According to Chronicle of Higher Education, the Consumer Financial Protection Bureau has sued Corinthian Colleges, accusing the company of "predatory lending and illegal collection tactics."
As the Chronicle noted, Corinthian is "the crippled for-profit higher-education company that is in the process of winding down its operations." In fact, Corinthian has entered into a deal with the U.S. Department of Education, whereby the company will sell or close most of its campuses in exchange for continued access to federal student aid money.
The CFPB is accusing Corinthian of some pretty bad stuff. "We believe Corinthian lured in consumers with lies about their job prospects upon graduation, sold high-cost loans to pay for that false hope, and then harassed students for overdue debts while they were still in school," Richard Cordray, the CFPB chief,was quoted as saying in the Chronicle article.
If Corinthian Colleges did the things the CFPB accused it of doing, then it certainly deserves to be sued. But, as the Chronicle of Higher Education pointed out, the company was already in financial trouble.

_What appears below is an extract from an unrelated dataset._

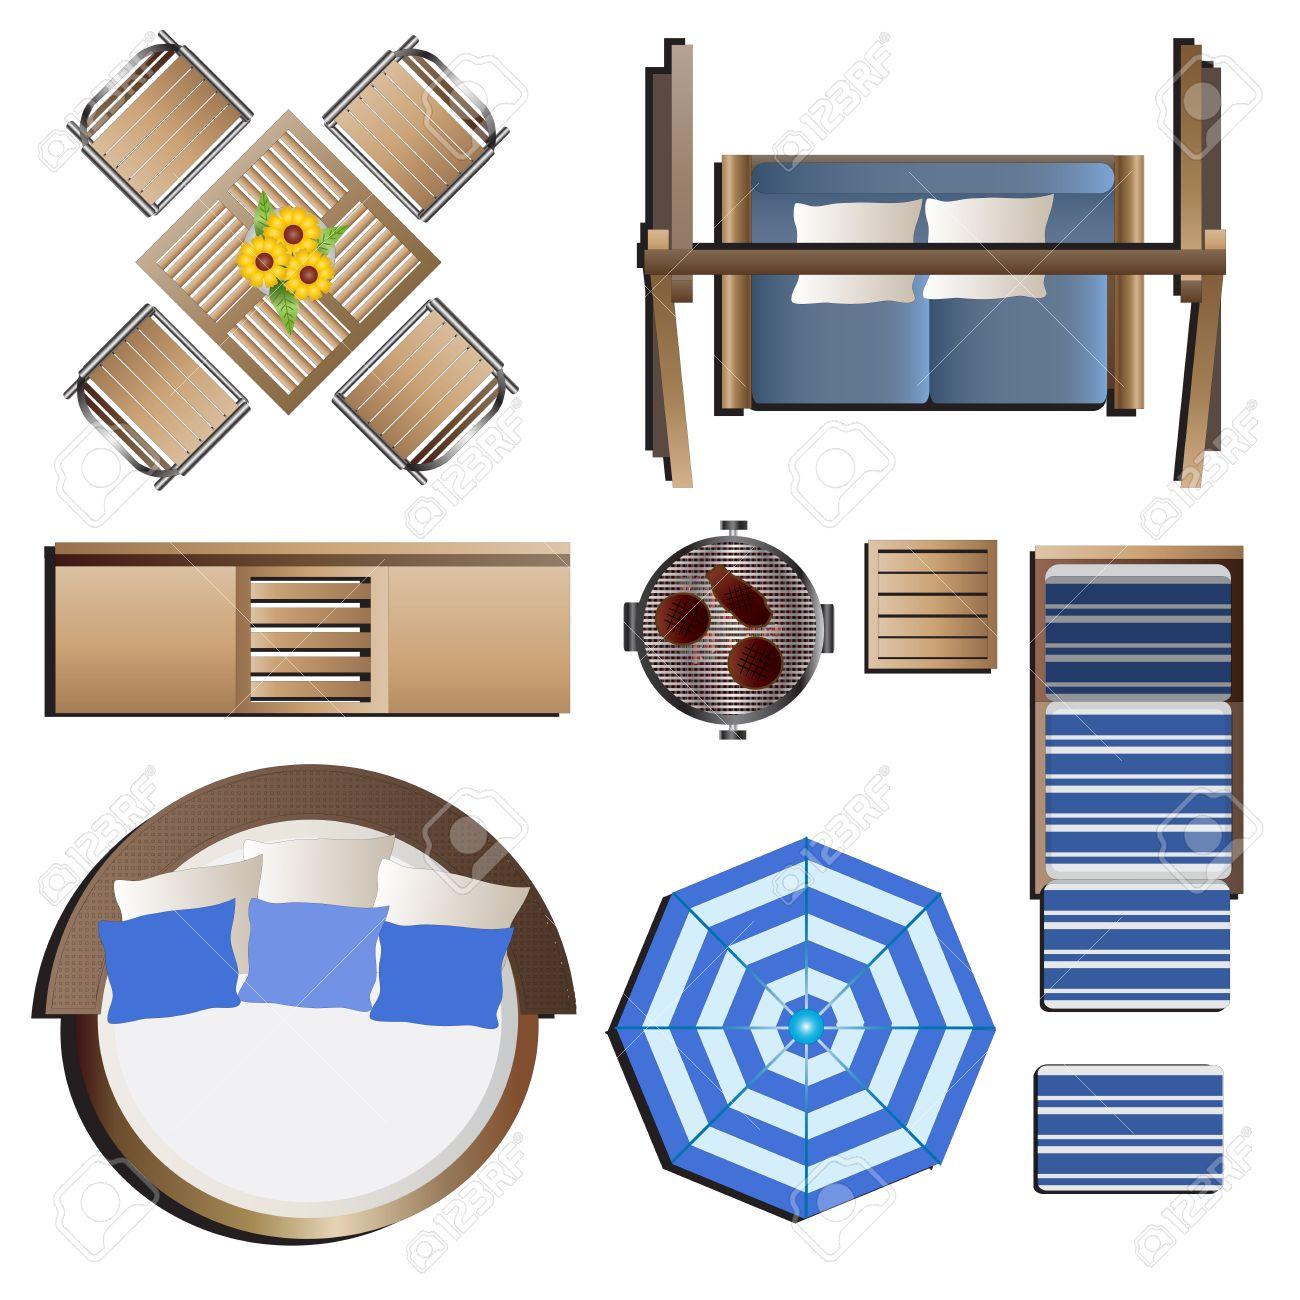 Outdoor furniture top view set 19 for landscape design vector illustration stock vector 48756158

I am happy to see the Consumer Financial Protection Bureau take some strong action against the for-profit college industry, which has been wracked by reports of abusive behavior. Several for-profits have been accused of engaging in unsavory practices. But I would be happier still if the CFPB would go after abusive for-profit colleges that are not teetering on the edge of closure.
It is OK, I suppose, to beat a dead horse now and then. But I would like to see the CFPB to beat a few live ones.